Even though you now have a new carb it can have the same problem as the old one, the carbs are manufactured and the set on the shelf for extended periods of time and the diaphgram and gaskets dry out. Anyway, I think your trimmer has a Walbro WT628 carb and kits are available, as of right now www.oscar-wilson.com has Diaphgram kit D20-WAT for $4.17 with 33 in stock and Repair kit K20-WAT for $8.23 with 48 in stock. If that is not the carb or proper number post back with what is on the trimmer or the new one you purchased and we will try to chase it down. I have seen posts on this forum to make an adjustment tool is drill a 9/64(I think that is the size)hole in the end of a piece of 1/4" dowel stock then tap it over the screws to create a tool for adjustments or removal. For the fuel lines I suggest going to your local Wal-Mart and check the lines on a trimmer, they sell Poulan, that is the surest way to get the lines correct. Have a good one Geo


----------



## geogrubb

After further checking the 31cc engine may have a Zama Carb and according to the parts list there is no repair kit available for the C1U-W32 carb. However, the C1U-W32 uses repair kit RB-142 and diaphgram/gasket kit GND-78. You can order either at the following.

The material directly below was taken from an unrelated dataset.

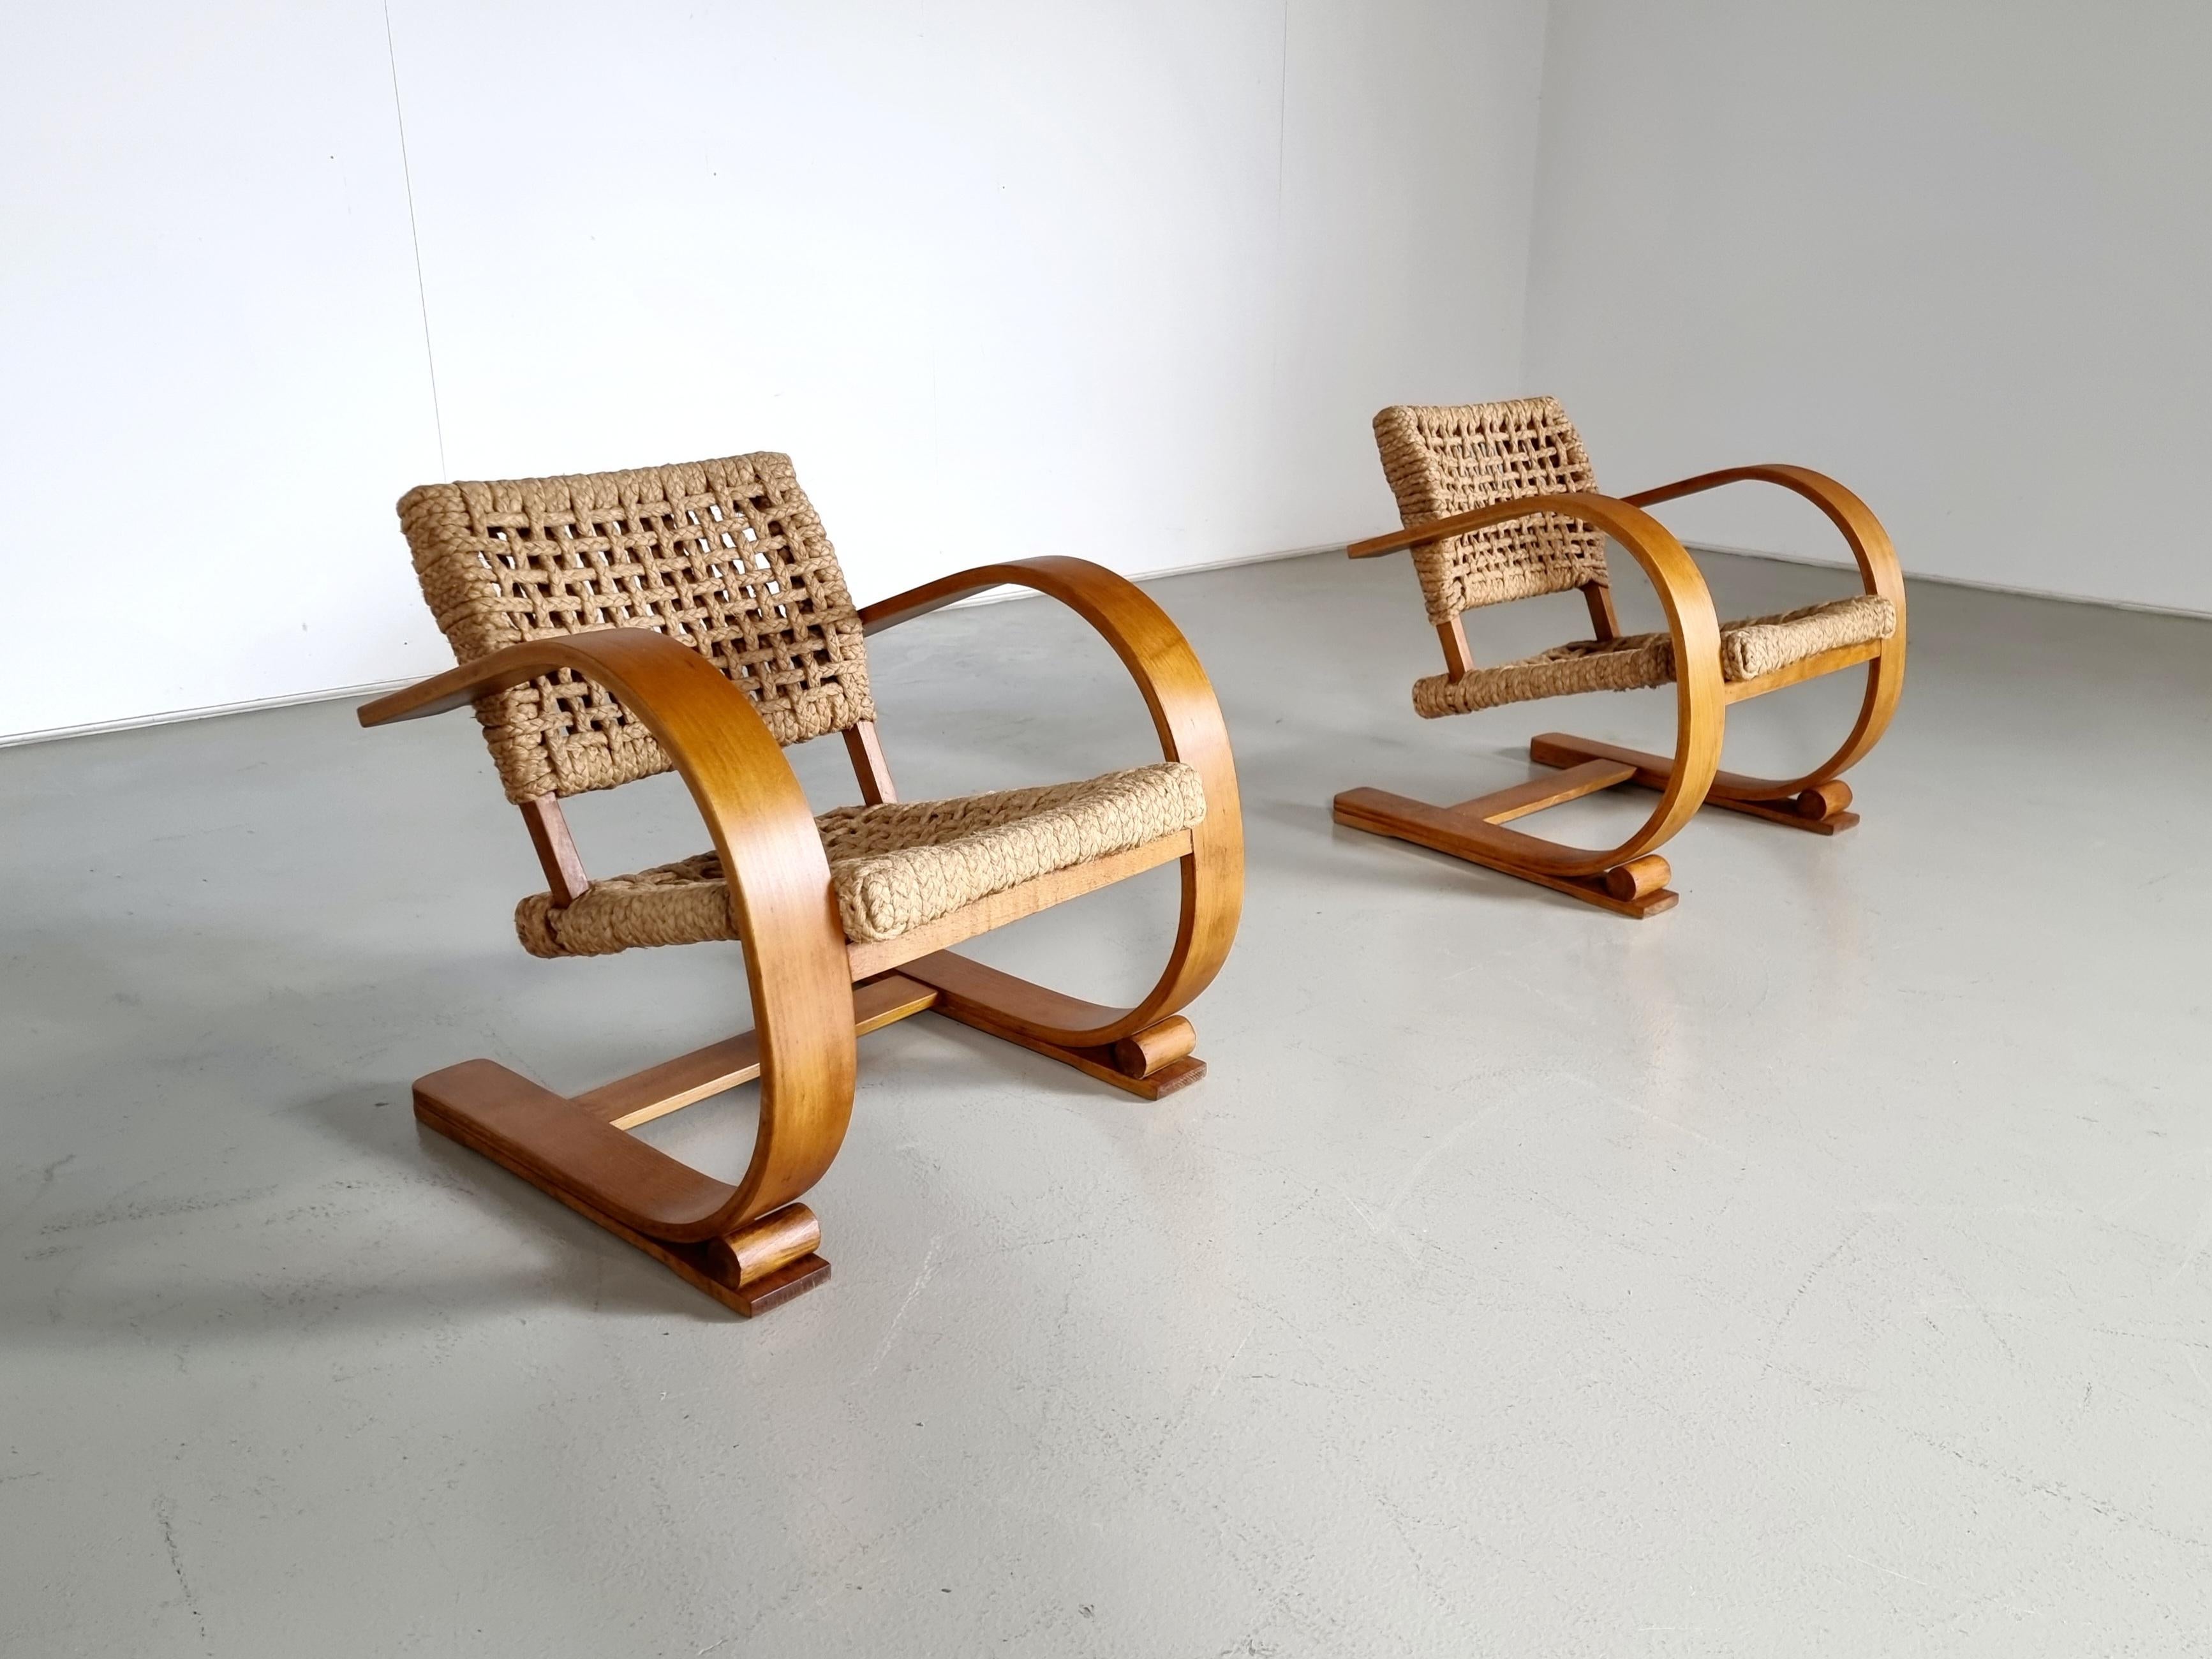 Adrien Audoux and Frida Minet for Vibo, France. A French couple of modernist designers that has been very productive during the 1940s and 1950s. 
These chairs are made in the 1940s. The frame of bentwood, braided rope seats, and backrests. Stamp

www.hhlce.com/shop/zama/zama-Index.htm

The RB-142 is $8.95 and the GND-78 is $5.95
Have a good one. Geo


----------



## revalation22_5

you are correct it is a WT628 carb. I may order a kit for it just to be sure, I really want to get this thing going. Is there anything else it could be?


----------



## geogrubb

You shouldn't need the whole kit just the diaphgram/gasket kit. Unless you have an air leak somewhere which will create the same symptoms. While you have it running you might spray some carb cleaner along any mateing surfaces(engine housing,carb to crankcase, etc.) to see if the engine tempo changes which would indicate a leak. Have a good one. Geo


----------



## hec1943

*Exhaust Port Clogged*

I have a Poulan leaf blower and I have found that the exhaust port will begin to build up a carbon deposit after many hours of use. This causes the engine to run slow and somewhat rough. Take the exhaust muffler off and check the port for carbon build-up.

HEC


----------



## 30yearTech

....


----------



## geogrubb

Did anyone realize this post is 2 months old without a response from the original poster. Have a good one. Geo


----------



## 30yearTech

geogrubb said:


> Did anyone realize this post is 2 months old without a response from the original poster. Have a good one. Geo


Ha ha...Apparently not, I know I never paid any attention to the date. 

Have a great one


----------



## niteman9

I know this thread is over a year old but I am having the same problem. I need to know how to connect the fuel lines. So could someone in the know take his diagram and show how to connect the fuel lines. I am about to run over this thing with my truck.


----------



## niteman9

Here is the way I have it now and cant seem to get it to start.


----------



## Lawnmowertech

niteman have you checked the filter ? to make sure it is ok even the purge pump bulb to see if it has a crack in it or air leak ? 

the lines look ok cause you have the fuel coming into the diagphram end of the carb going to the bulb and going back into the tank you can try switching it to see if it works but if it dont work then i would take and look at the other possible causes 

ignition system 

primer system 

etc. 


check the muffler also to see if it is plugged up 

hope this helps 

calvin


----------



## niteman9

Thank for the reply. The fuel filter, tank, carb, and fuel lines are all new. The primer bulb does not have any cracks. If I cover the shorter fitting and press the bulb does not release until you remove your finger. It seams like this fitting on the bulb is pushing gas when depressed and pulling when released. Is this correct? How do I check the bulb an make sure it is working correctly?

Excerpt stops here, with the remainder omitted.